Try it: Return the listing below unchanged, but without pictures.

Provided data:
=== Section Start ===

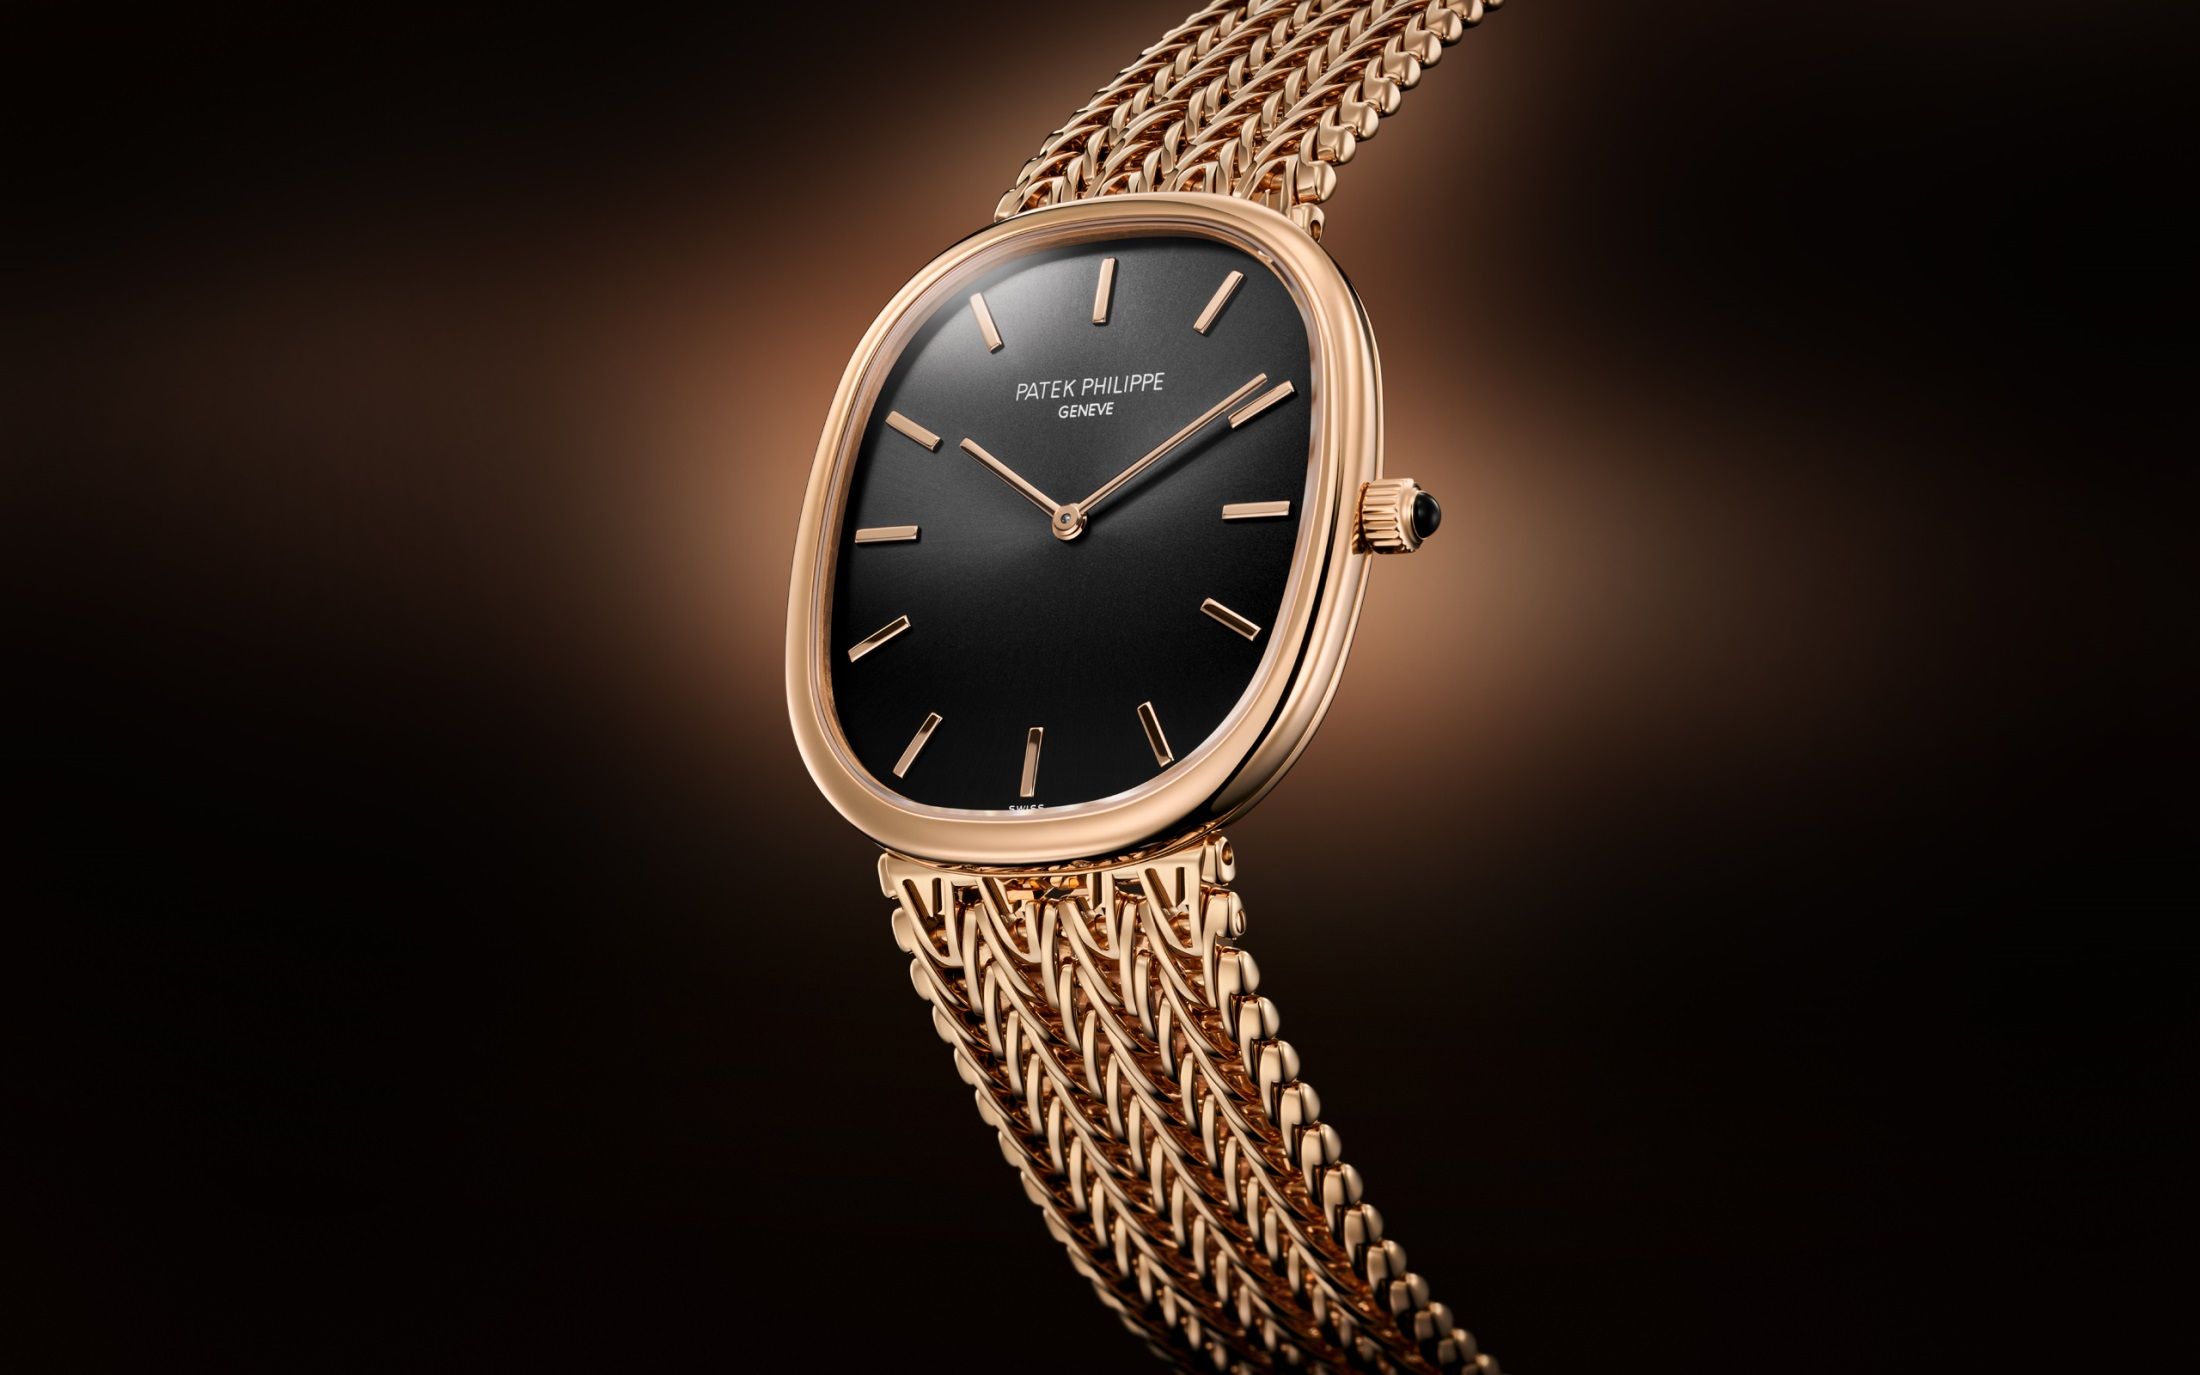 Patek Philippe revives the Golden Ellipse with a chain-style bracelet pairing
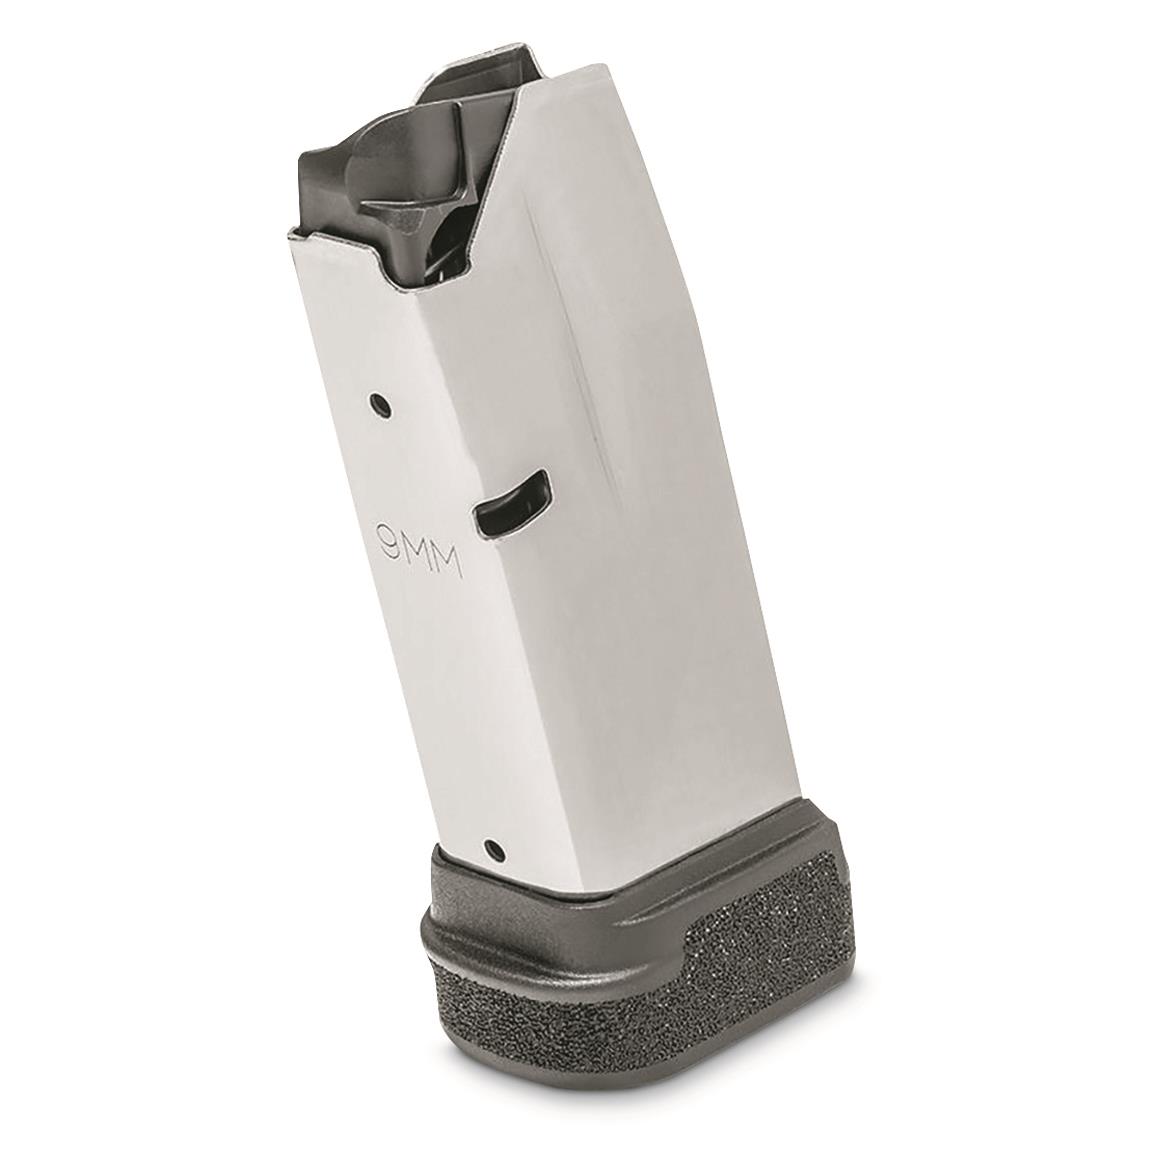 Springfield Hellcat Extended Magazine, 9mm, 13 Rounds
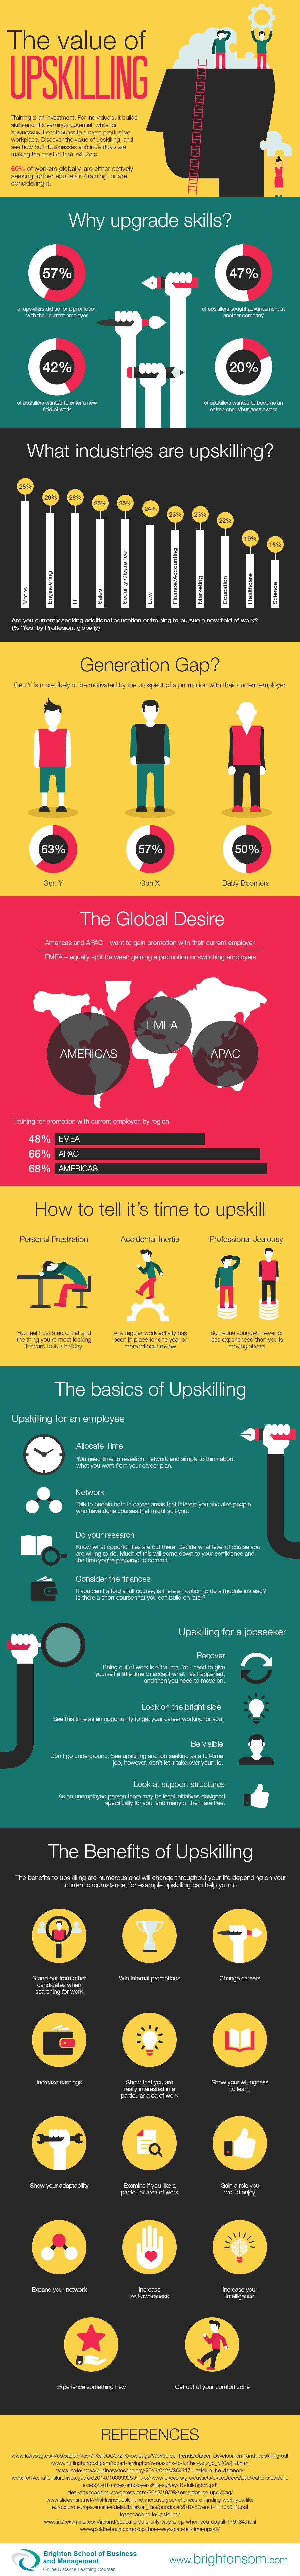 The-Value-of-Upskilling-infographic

=== Section End ===

Expected answer:
 Patek Philippe revives the Golden Ellipse with a chain-style bracelet pairing
 Springfield Hellcat Extended Magazine, 9mm, 13 Rounds
 The-Value-of-Upskilling-infographic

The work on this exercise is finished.